_ASSIGNED TASK_
Where a picture appears, leave it out, and transcribe all the lines below exactly.

_DATA SECTION_
== == ==

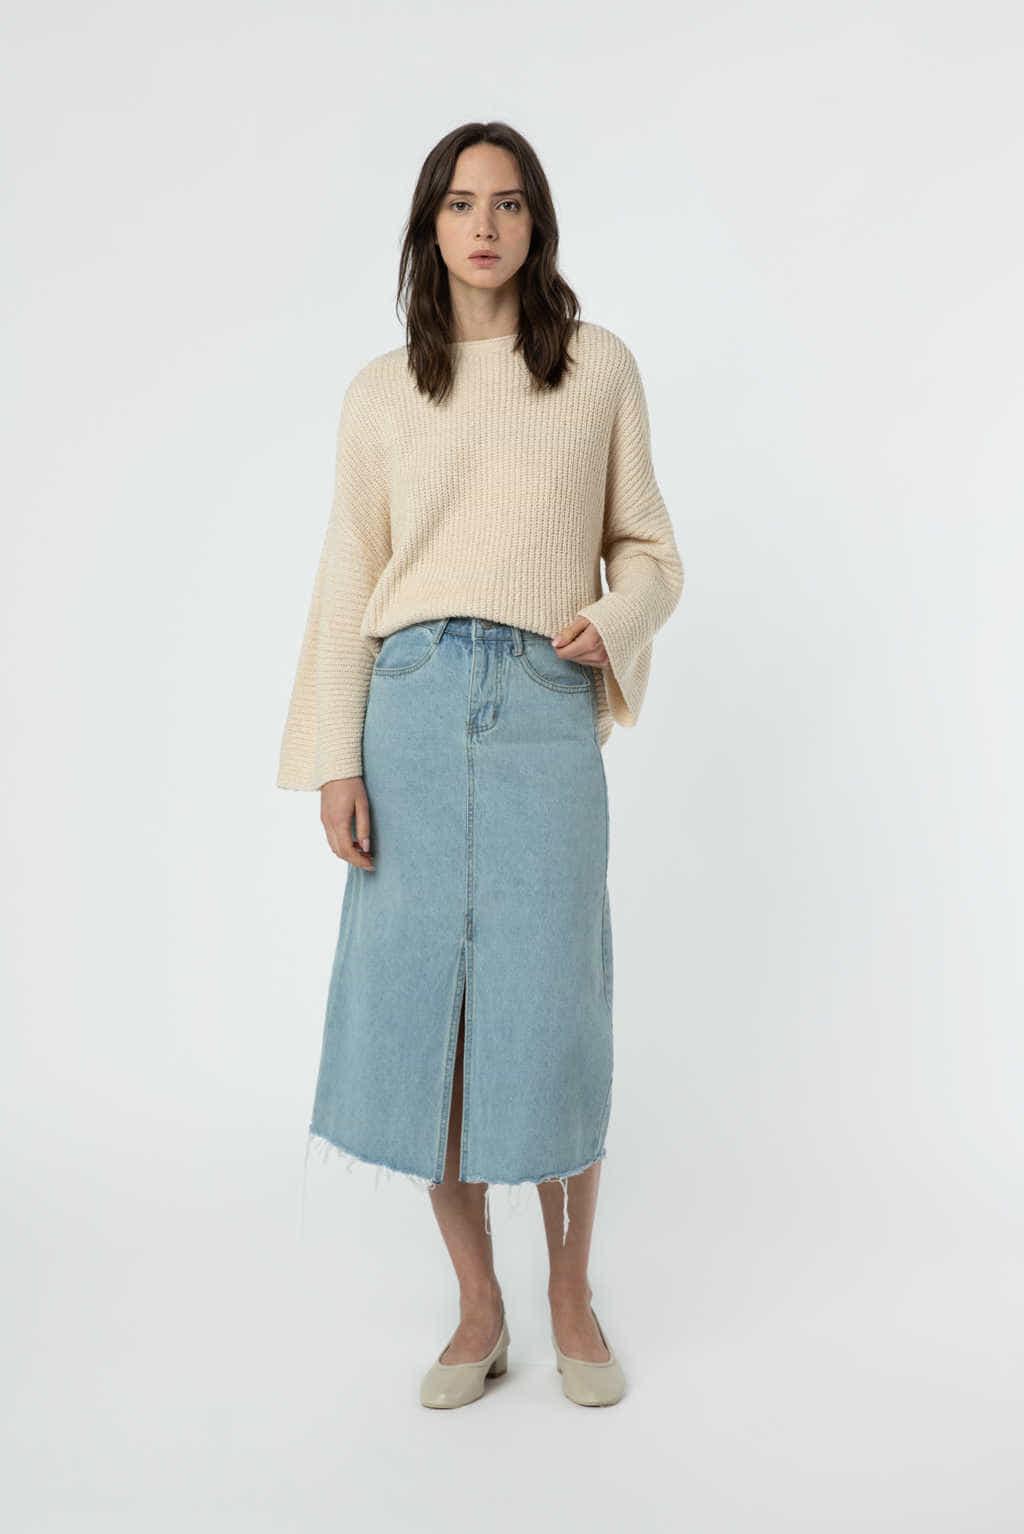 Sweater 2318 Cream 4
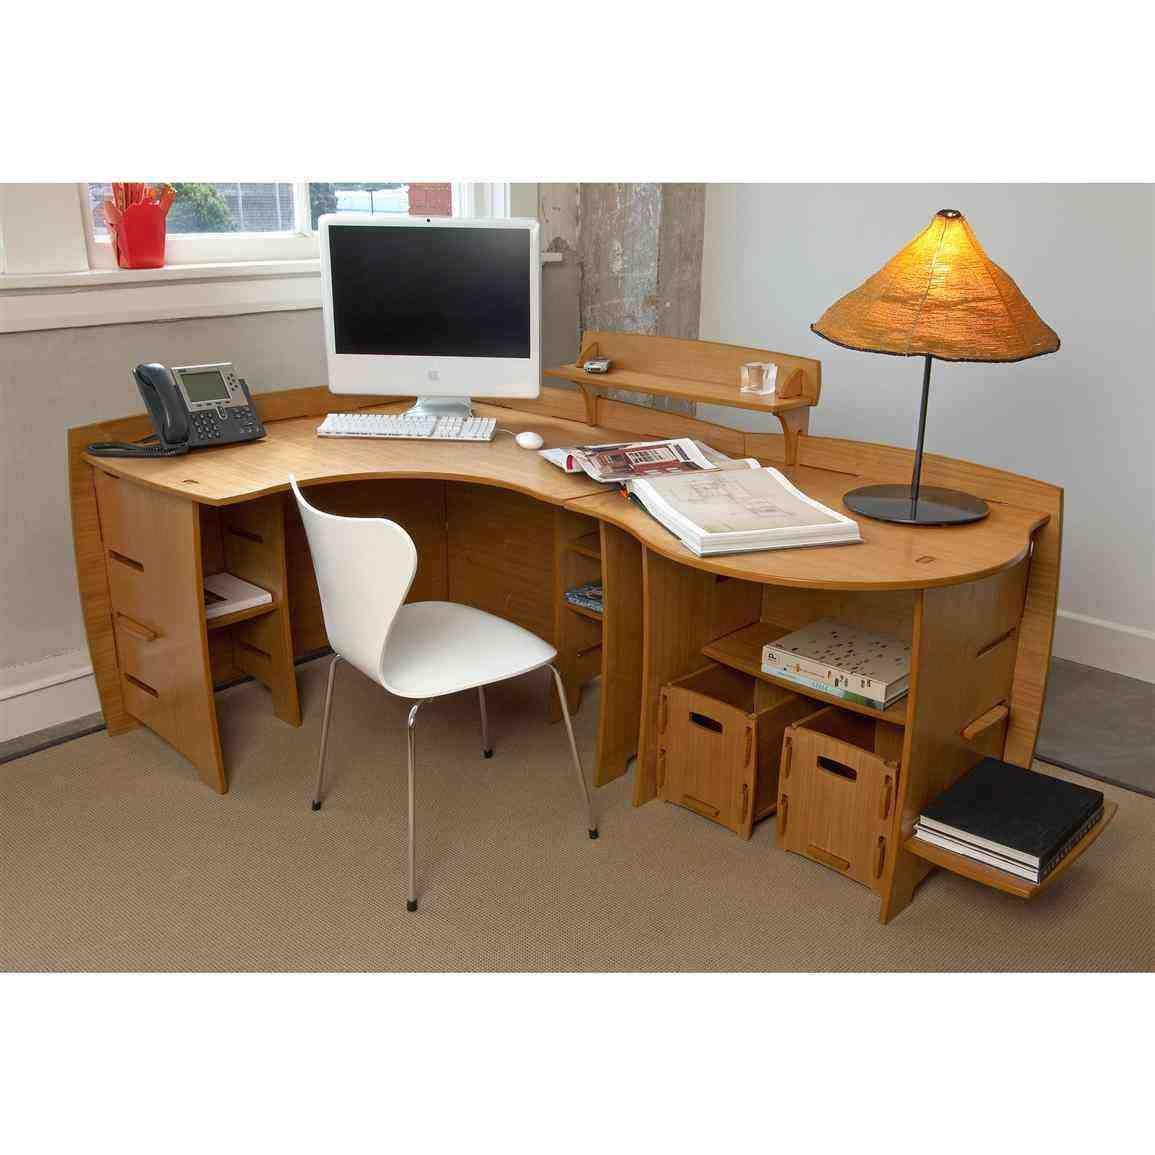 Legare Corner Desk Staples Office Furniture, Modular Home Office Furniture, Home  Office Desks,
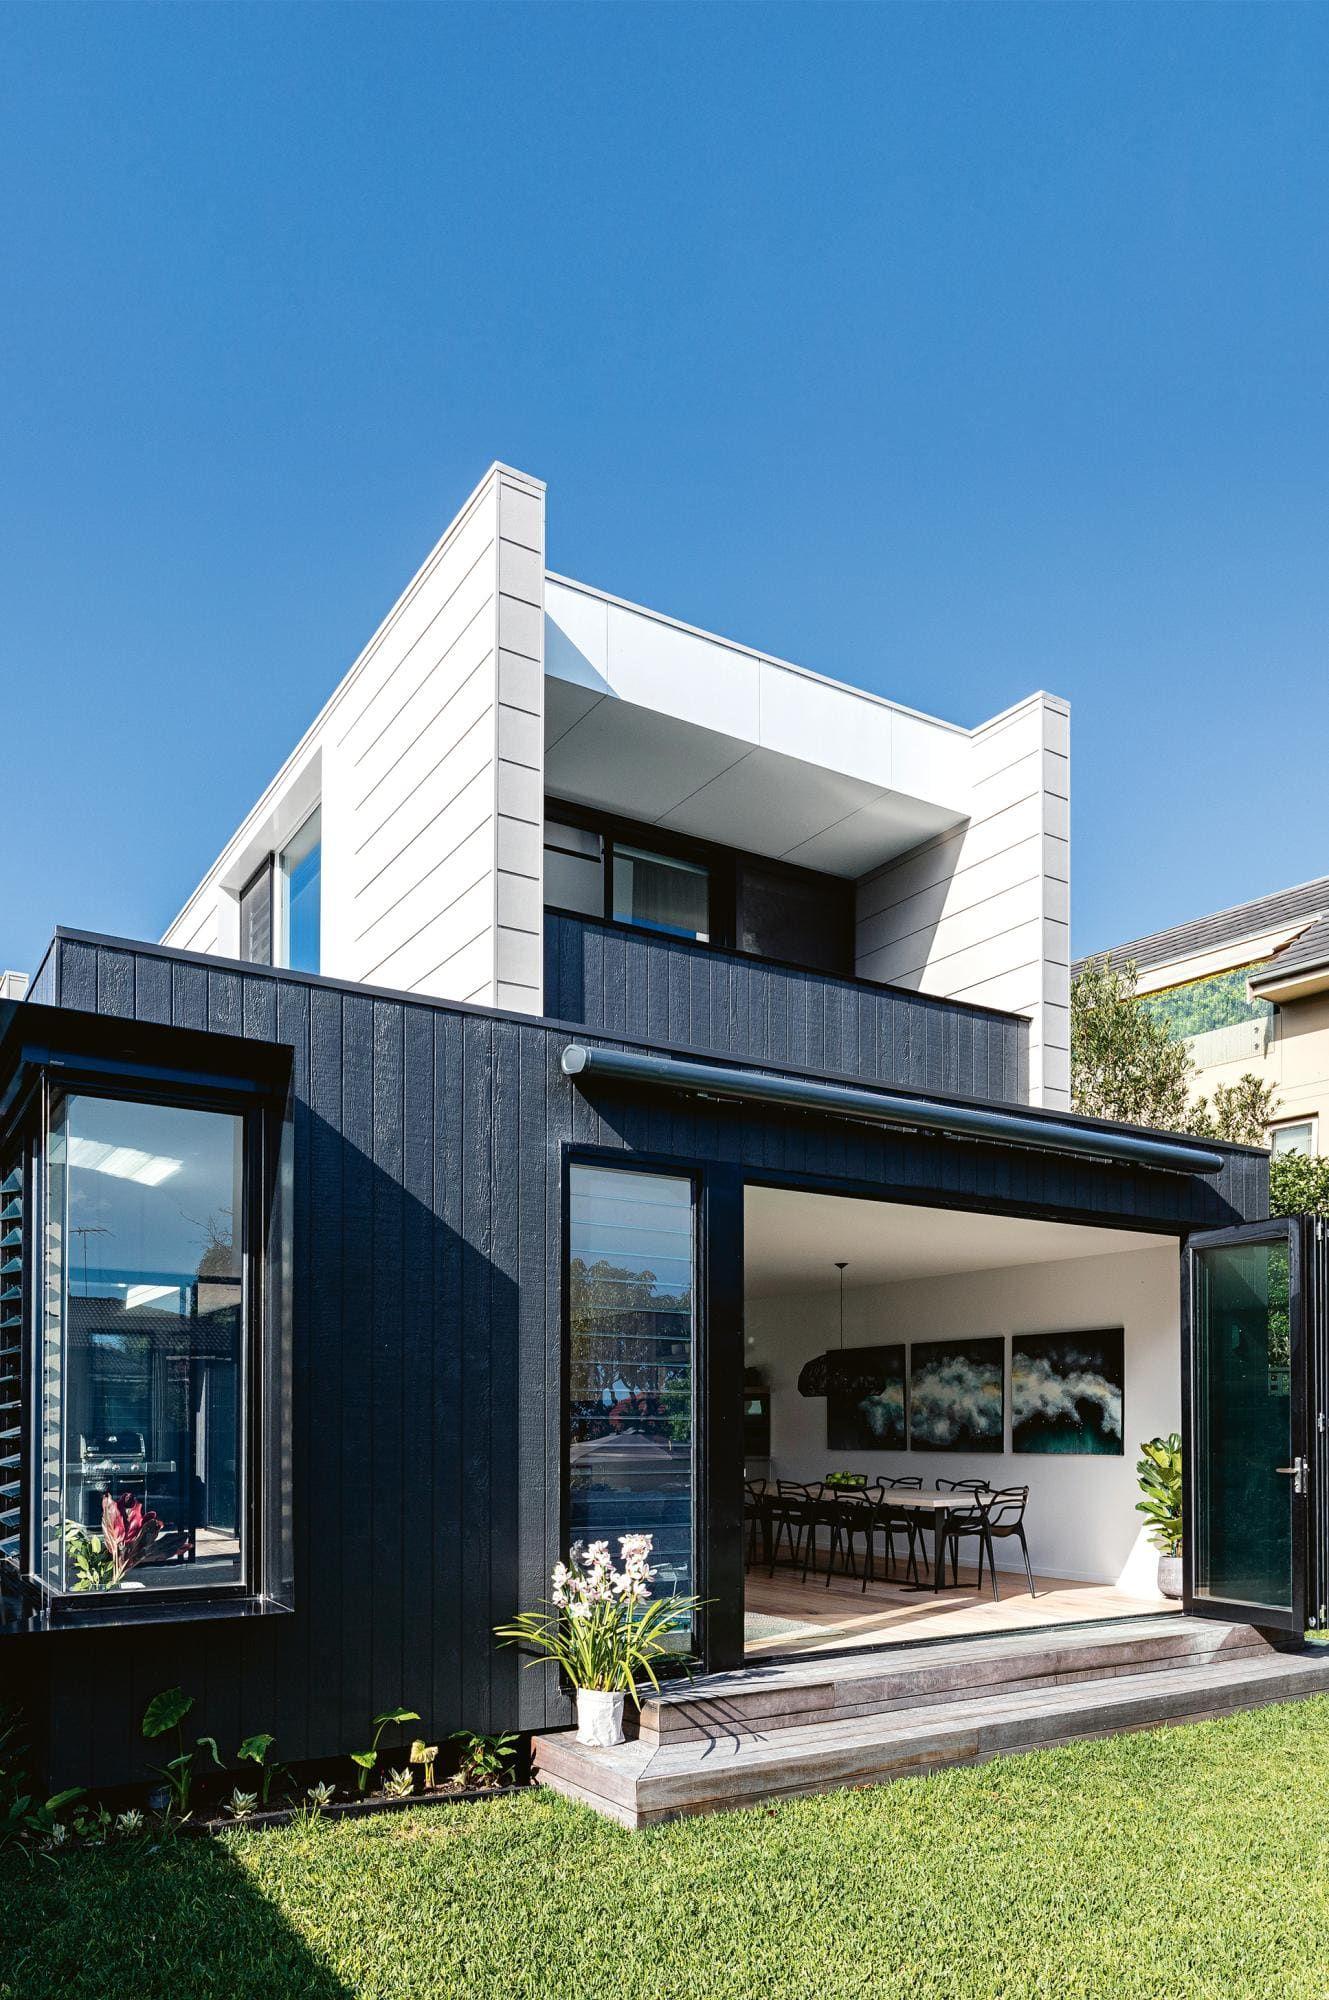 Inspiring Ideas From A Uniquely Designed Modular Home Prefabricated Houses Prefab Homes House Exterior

== == ==

_SOLUTION FOR THIS EXERCISE_
 Sweater 2318 Cream 4
 Legare Corner Desk Staples Office Furniture, Modular Home Office Furniture, Home  Office Desks,
 Inspiring Ideas From A Uniquely Designed Modular Home Prefabricated Houses Prefab Homes House Exterior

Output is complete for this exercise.